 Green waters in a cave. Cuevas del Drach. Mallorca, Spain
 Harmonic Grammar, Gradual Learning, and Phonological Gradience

_ _ _ _ _ _ _

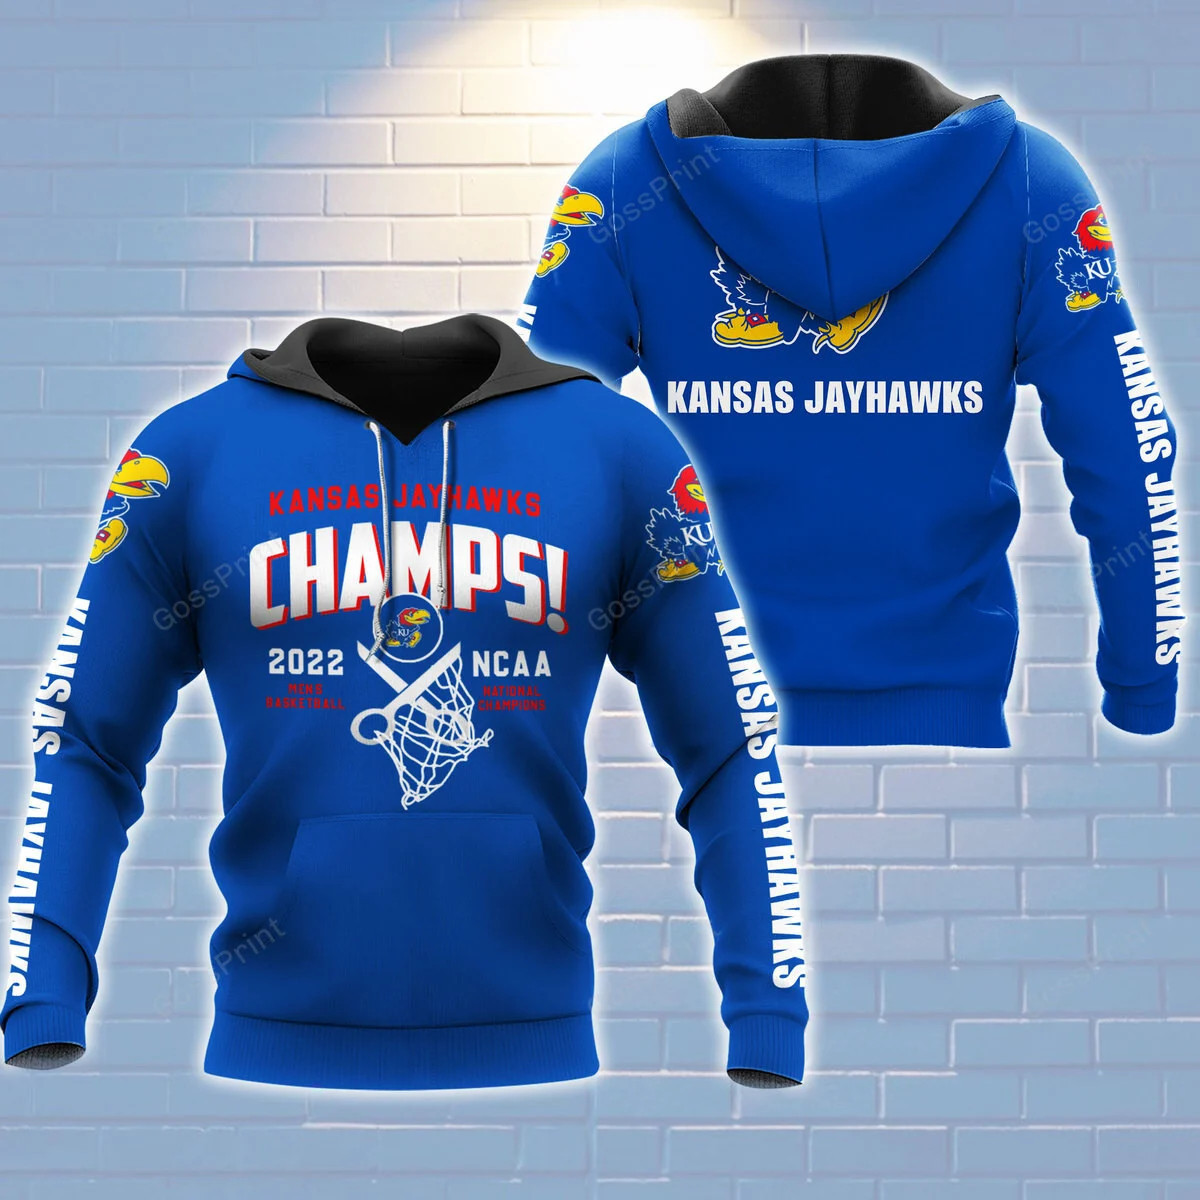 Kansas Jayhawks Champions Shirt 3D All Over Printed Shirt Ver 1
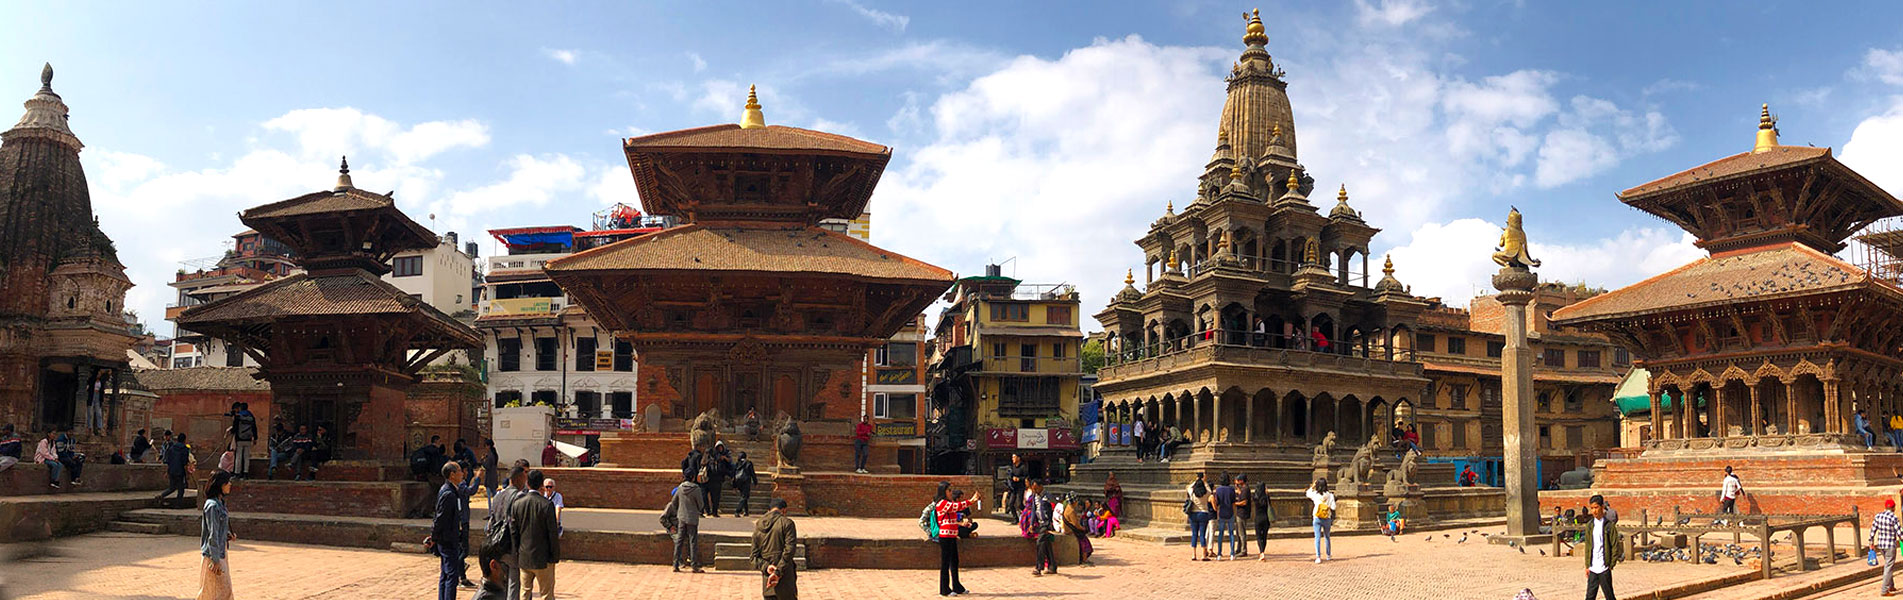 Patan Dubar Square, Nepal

_ _ _ _ _ _ _

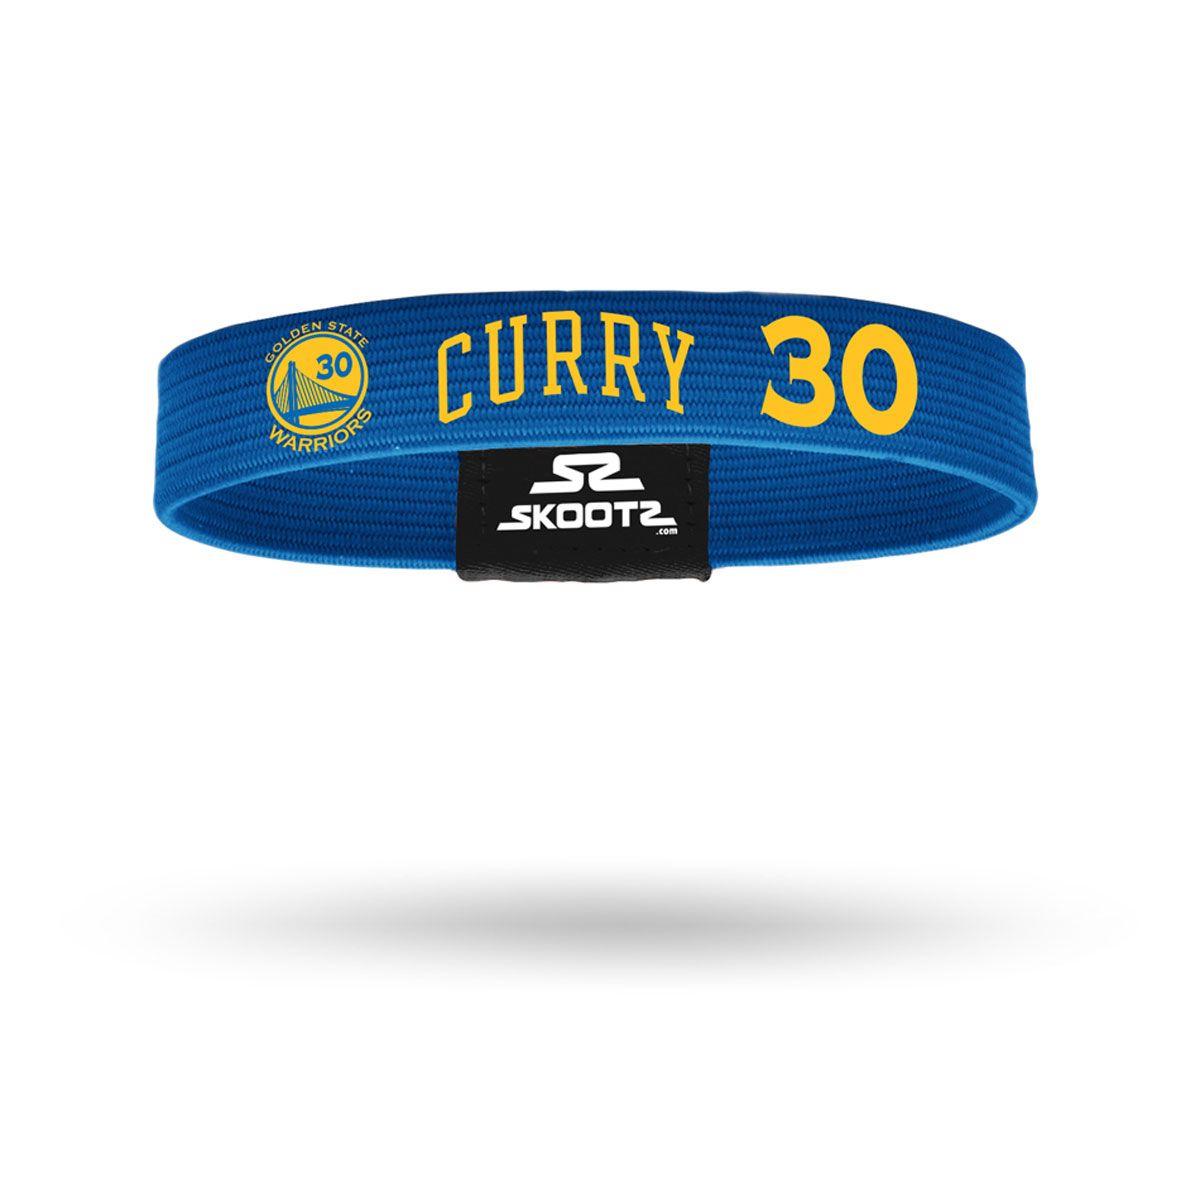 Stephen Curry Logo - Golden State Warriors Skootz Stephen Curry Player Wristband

_ _ _ _ _ _ _

Exactly the lines above from the one with "Green waters in" to the one with "Harmonic Grammar, Gradual", both included, are to be quoted; leave the rest out.

 Green waters in a cave. Cuevas del Drach. Mallorca, Spain
 Harmonic Grammar, Gradual Learning, and Phonological Gradience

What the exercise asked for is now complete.